Even going from 50 -> 300k, is no easy joke. Its not even worth starting a company if you can make these kind of 6x increase in fortunes in years.

Imagine going to the stock market and claiming to have 30% return yoy.

I'd like to believe even at FAANGs these mad salaries aren't common. And I would be very wary of hiring anyone with a yearly jump trail on a resume, with a high salary. That resume is basically signalling the candidate does no work apart from hopping jobs. Hiring a non performer one has to replace in 10 months is a non starter.

3 comments

It does happen to people. In 2004, I worked at the University of Chicago making web apps for internal users, and got paid $45,000 a year. In 2017, I was a senior software engineer at Google making around $300,000 a year (that's salary + bonus + stock).

This is probably an anomaly because I was massively underpaid at my first job, but you've got to start somewhere. (The first three years of my career was basically job hopping. I started at UofC, went to a part of Doubleclick in Chicago, then went to a bank. UofC -> Performics doubled my salary. Bank -> Google doubled my salary.)

As for job hopping, you can have whatever weird criteria you want, but the average engineering tenure these days is about a year, so if you want someone who has 20 years of experience you probably shouldn't be surprised by 20 jobs. If you don't want people to leave to get more money, give them a raise. Why should people take less than market compensation because of your odd idea that they should be "loyal"? People stopped being loyal to companies in approximately 1950. The market for software engineers is ridiculously competitive on the buy side. That's just the reality.

> I'd like to believe even at FAANGs these mad salaries aren't common.
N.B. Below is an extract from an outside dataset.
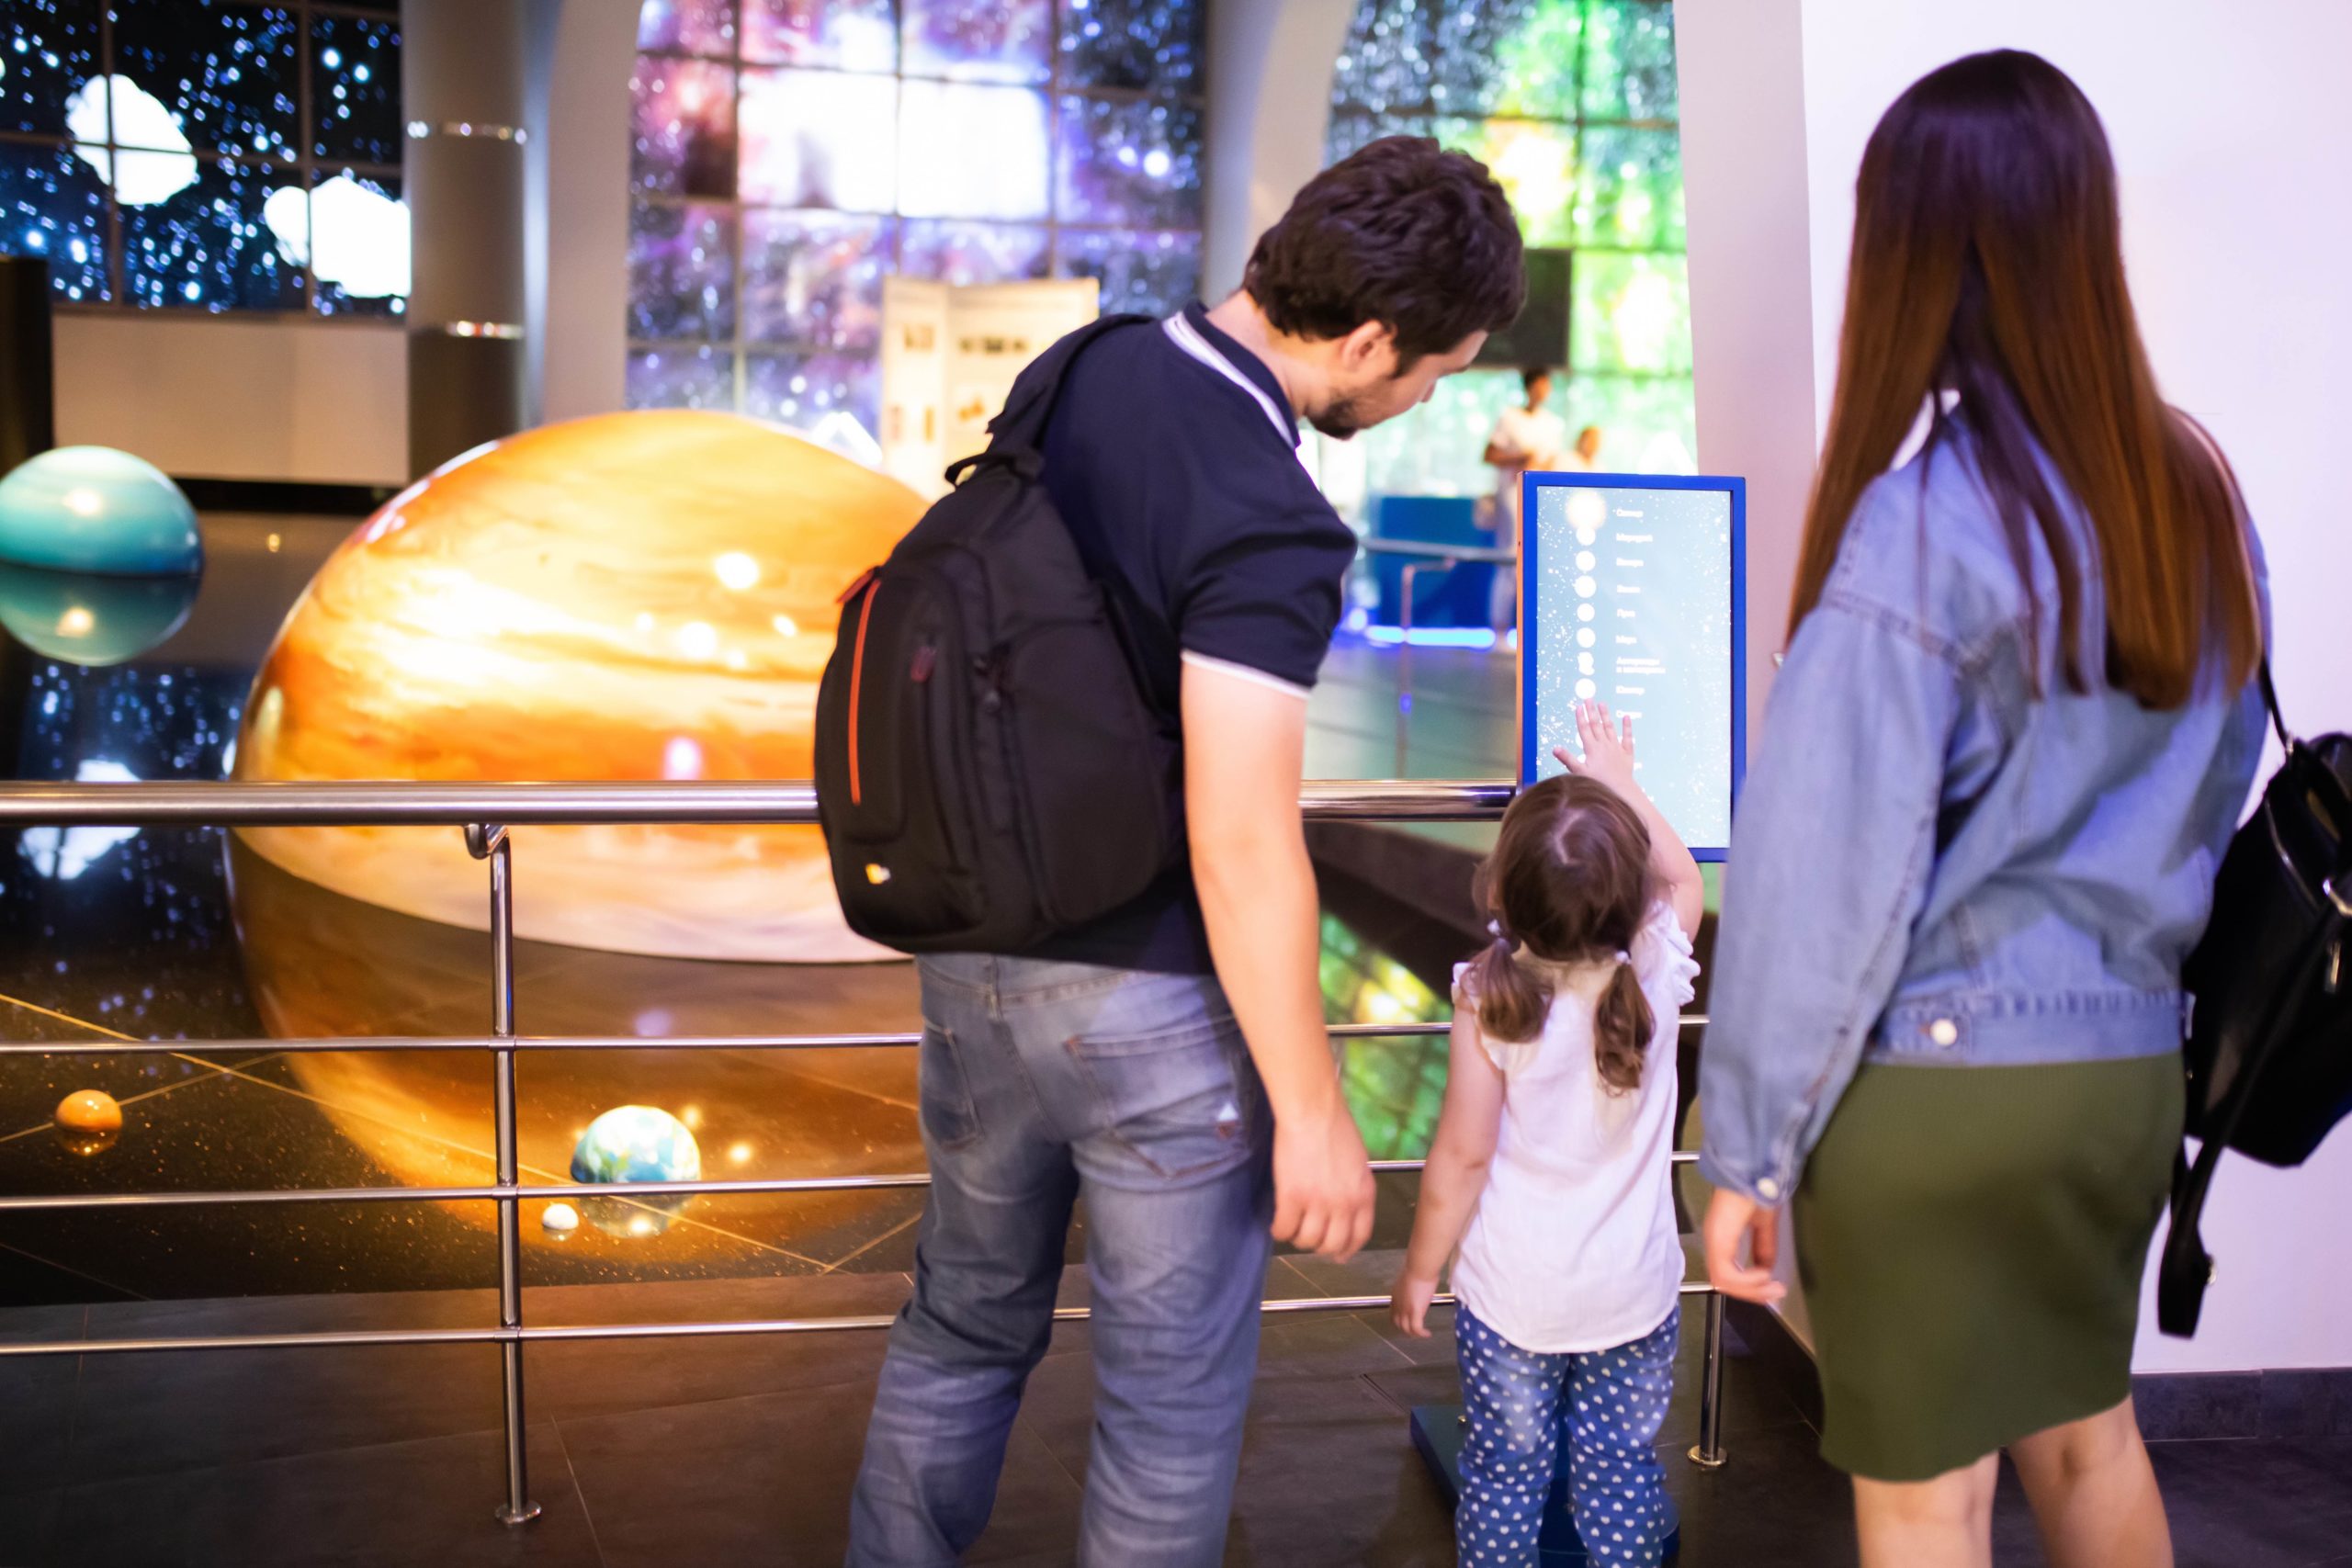 A family observing a planet display at a planetarium museum

My impression -- as someone who is neither an engineer (anymore) or at a FAANG, but is making above the apparent market rate for technical writers in Silicon Valley at a company that needs to compete with FAANGs for talent and chooses to do so by offering high base pay and bonuses rather than stock options -- is that at this moment in time, these mad salaries are common in both FAANG and competing-with-FAANG companies, but only in specific fields and specific locales.

Personally, I'm not convinced this is sustainable any more than the SF Bay Area housing market is sustainable. If the shift to fully remote or "hybrid remote" workforces is truly underway, it's probably just a matter of time before that starts pushing down income levels. If you cut your cost of living in half by moving from Mountain View to Boise, employers will start factoring that into your compensation -- many already do.

In the long run, of course, that would lead to a slow creep toward equalization of cost of living across the country; there are already anecdotal (but loud!) reports of housing costs increasing substantially in surprising places as people leave the west coast and the northeast and move inland. Eventually that should make COL adjustments smaller or less common, but it will likely also make "I'm making $350K right out of college" less common. (Or whatever $350K is adjusted for inflation in a decade.)

> Even going from 50 -> 300k, is no easy joke.

Yeah, it does take a lot of effort. I put in a lot of 50hr weeks to get this kind of gain, but it's totally doable.

> That resume is basically signalling the candidate does no work apart from hopping jobs.

I get a _lot_ of work done in even just 6 months.